DENNIS POTTER: It’s a very complicated story, but if I could put in essence what I saw I was trying to do – it’s, in a way it’s a simple flip-over of an orthodox, of an ordinary sentimental religiose, rather than religious, parable, in that there is an afflicted house – variously afflicted, but in particular with a crippled, seemingly mindless, struck girl, young girl. And there is a visitor, and the visitor brings her to life and makes her speak. Now, if that visitor were an angel, then all you would have is sanctimoniousness, you would learn nothing about anything, and I chose, in my head – and this is how it began, this is why I’m talking this way – it began in my head as like that ... What if it were the devil? Instead of making that easy distinction which, on the whole, only the blasphemous make ... non-religious people make this dis­tinction very easily, between so-called good and so-called evil, when of course they are interrelated, and one is defined in terms of the other, and one can’t exist without the other, which is why ... Satan was an angel, you know ... and all art of any kind has attempted to deal with this, has had to deal with the dualism of it. So instead of the angel coming and rescuing the cripple and the dumb and the afflicted, I had the devil do it. The evil act can lead to good consequences; a good act can lead to evil con­sequences. This is often the case, and it is ... it is incomprehensible. It is as though, you know, the rain falls on the just and upon the unjust. It is so. Now, it appeared disgusting because it was a devil, and because it was a rape, or the beginnings of a rape, that made her cry out; and interestingly, the cry out was actually an accusation against her father. That complexity is, as I say, simply a reversal of what would have been sanctimonious and sentimental. It was that that offended and afflicted people.

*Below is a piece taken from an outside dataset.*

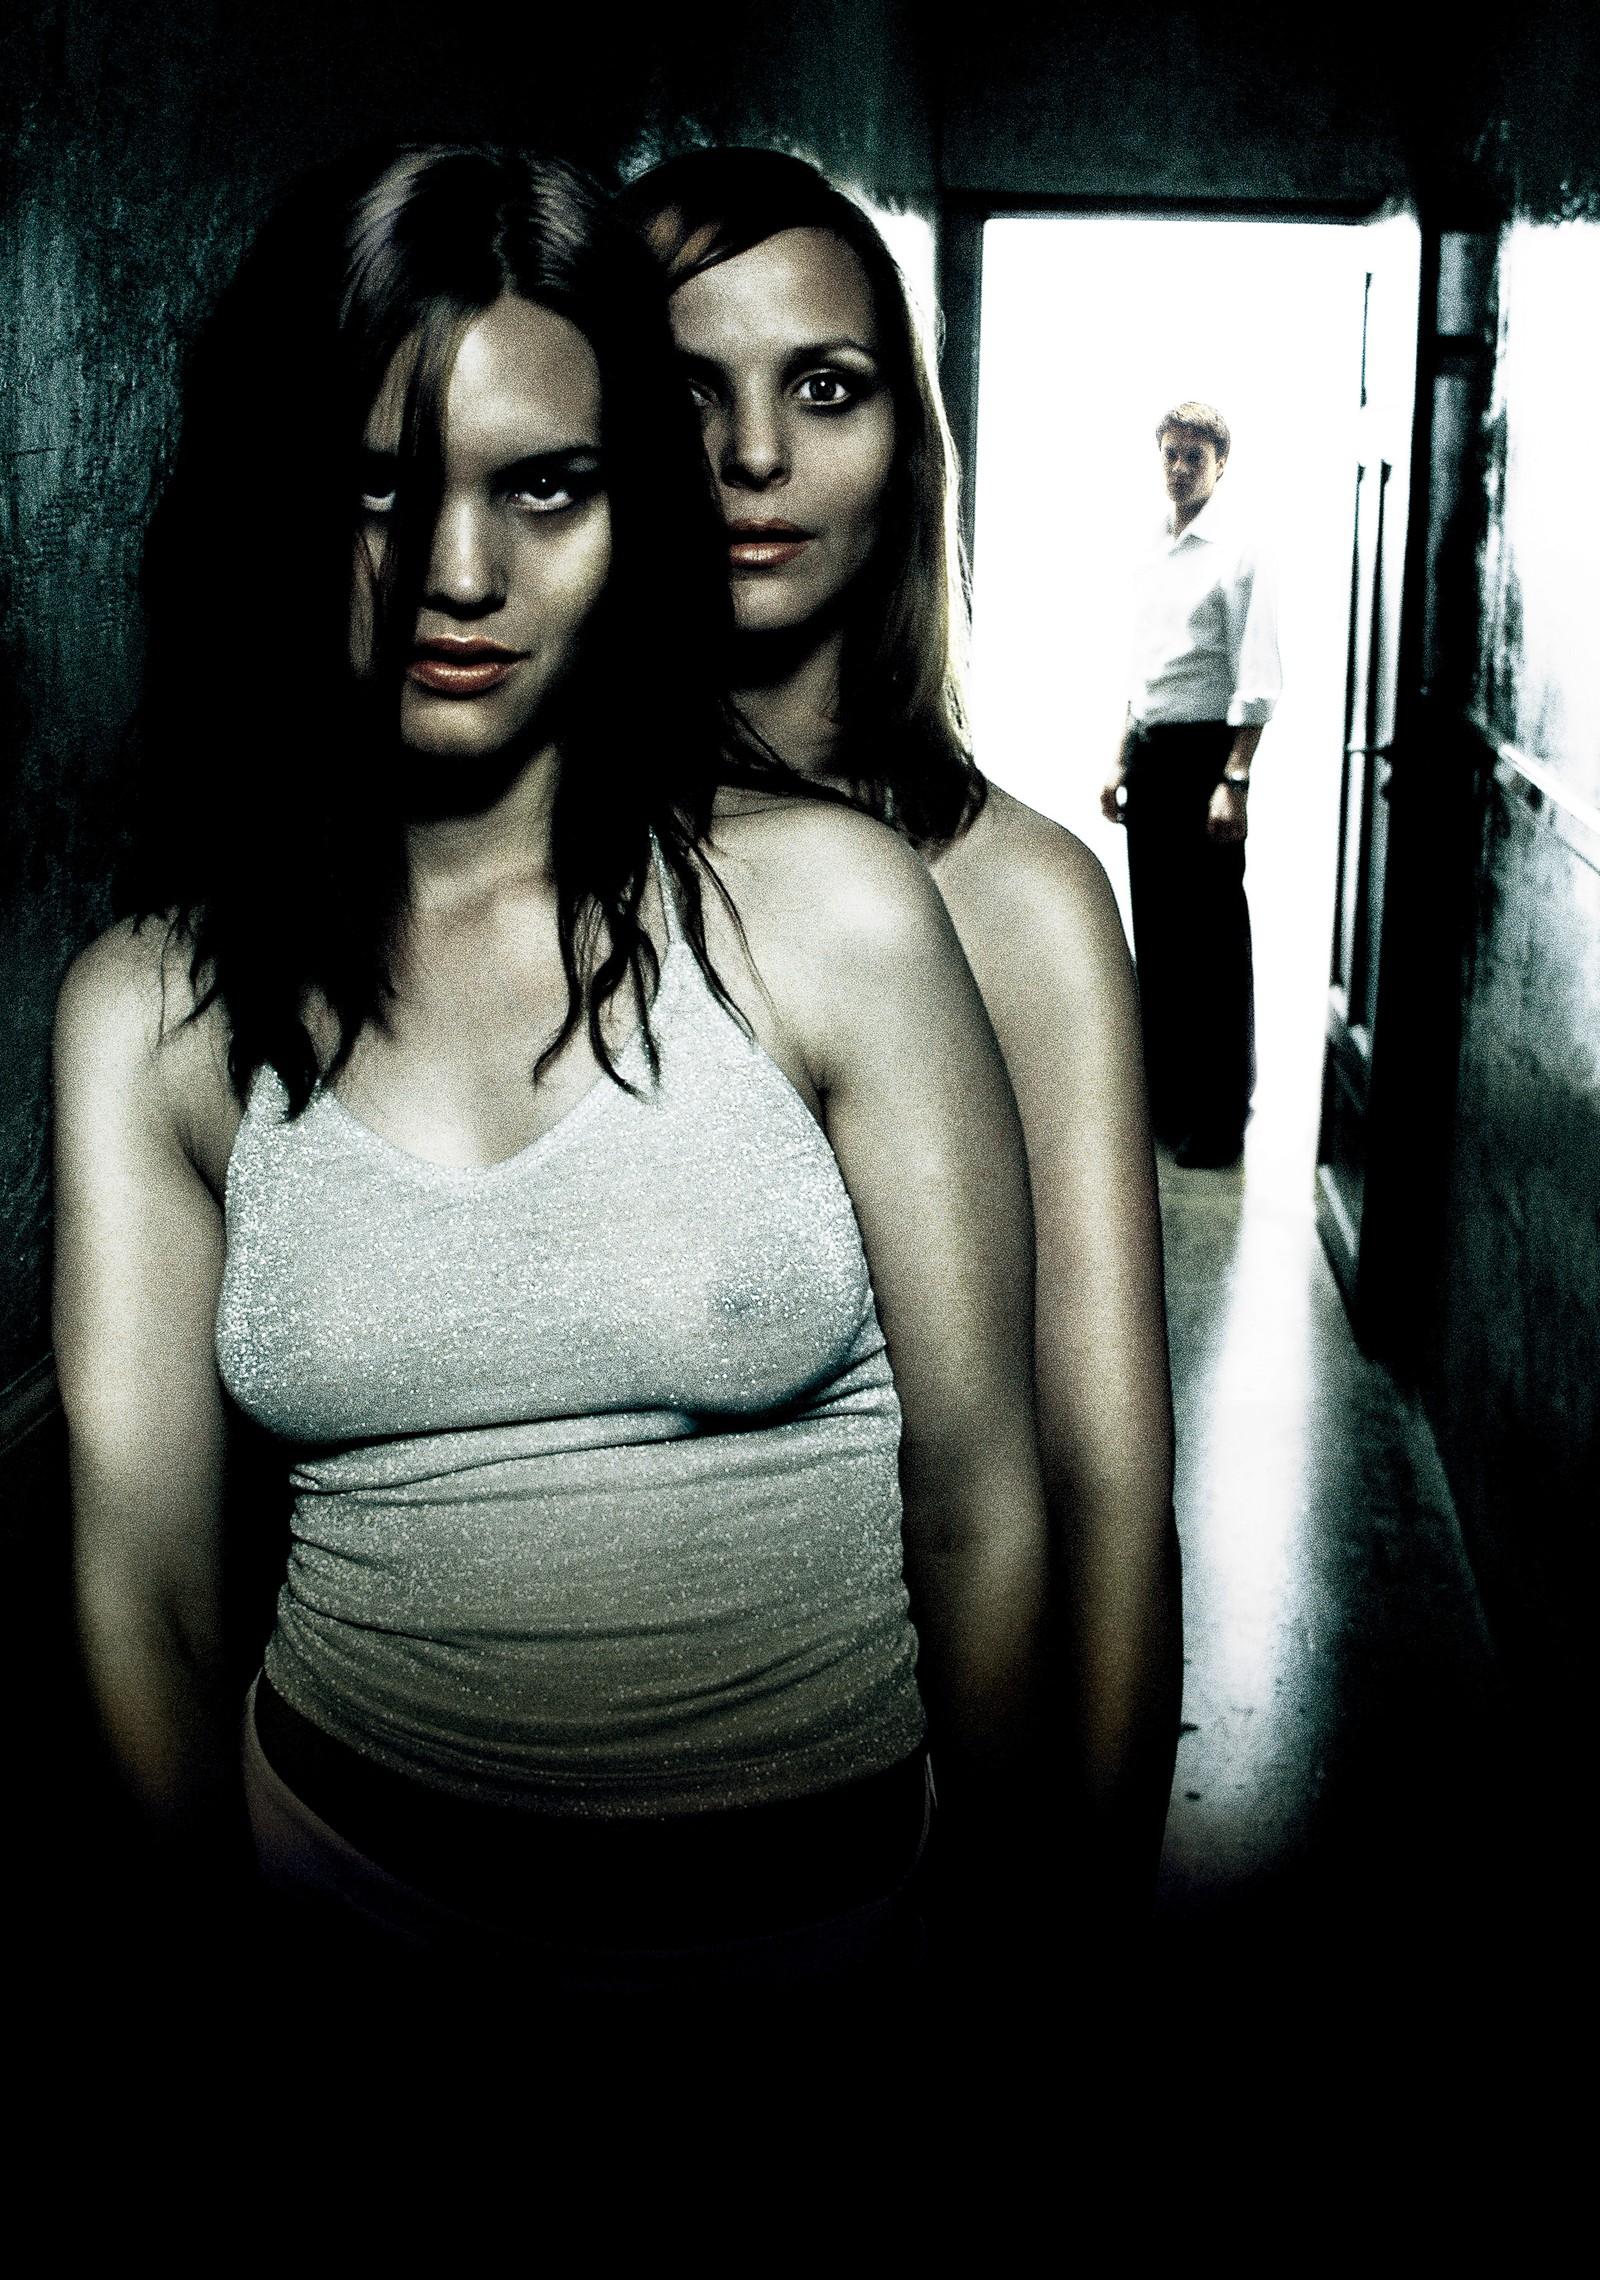 Naboer er en psykologisk thrillerfilm fra 2005 regissert av Pål Sletaune.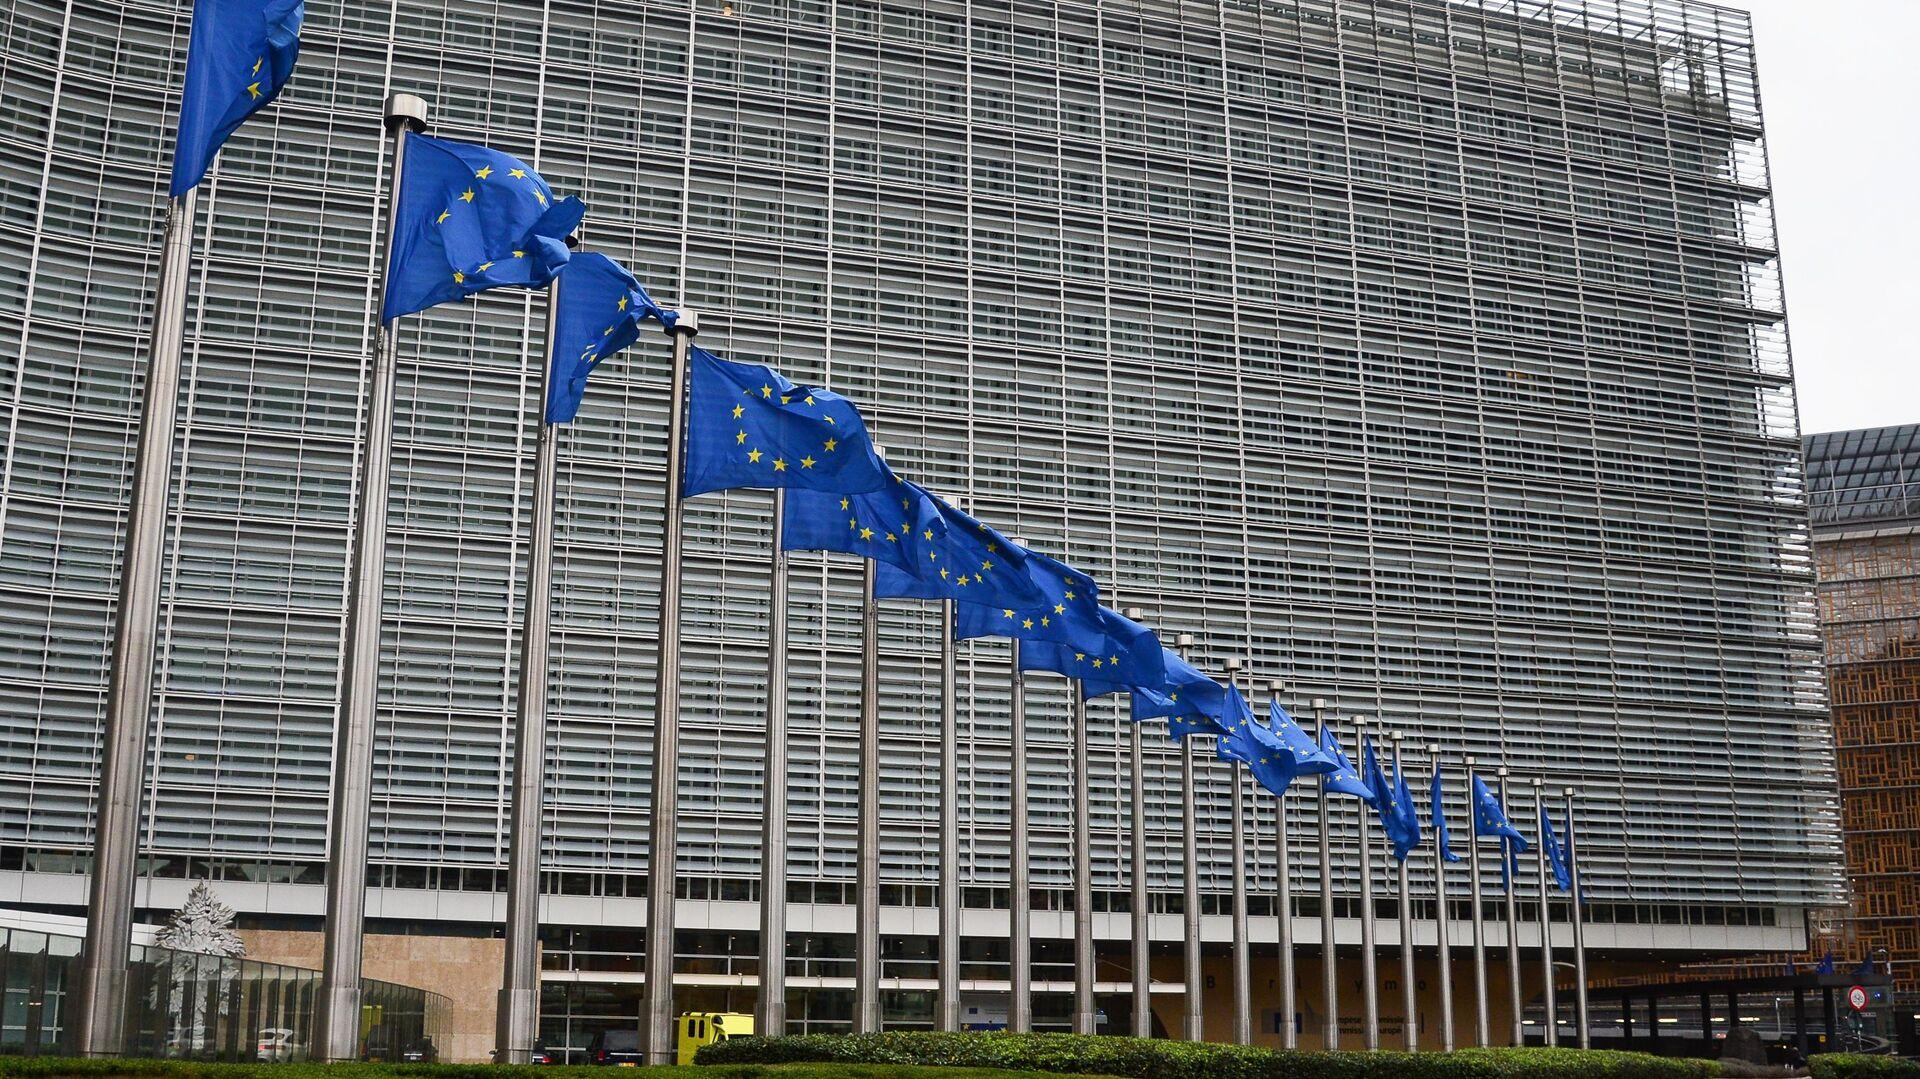 Флаги с символикой Евросоюза у здания Еврокомиссии в Брюсселе - РИА Новости, 1920, 19.03.2021

I remember Alastair Milne, Director of Programmes for tele­vision at the time, saying, in a letter to me, something like, ‘brilliantly made and written, so and so ... but nauseating’ – ‘nauseating, diabolical’, exactly the right word. It was diabolical. It was meant to be. Nauseating, not in the sense that he meant, but nauseating in the sense of making you think about those forces, those circumstances, those afflictions, and the way we manipulate the words good and bad. That to me is what it was about.

MB: It did, it did ... it’s strange that that should be banned, isn’t it, in a way? Did you want to pursue it?

DP: Now, Mrs Whitehouse wanted me prosecuted for blas­phemy after Son of Man about Jesus, because my Jesus was, if you like, a Forest of Dean Jesus, with a view of the wood and the cross before his crucifixion, like knowing that it was good timber, and then the uses that man, cruel man, puts timber ... instead of making tables and chairs and useful things, they kill other men with it – and because he was that sort of Jesus, and there are millions of Jesuses – obviously, and mine was just one of them – but there was a row in the Australian Parliament about it, you know, things like that, and I think, well, if people get so condi­tioned that they’ll watch these endless pappy series without any ... there’s violence every twenty or thirty seconds – whatever the audience rating system demands – there’s sex used just like that, bang ... there are constant sanctimonious references to God or the good, you know ... If you quest, if you try and make people see the real, real, real use of these words, they get hopping mad sometimes, but so be it. But that’s what television’s for too.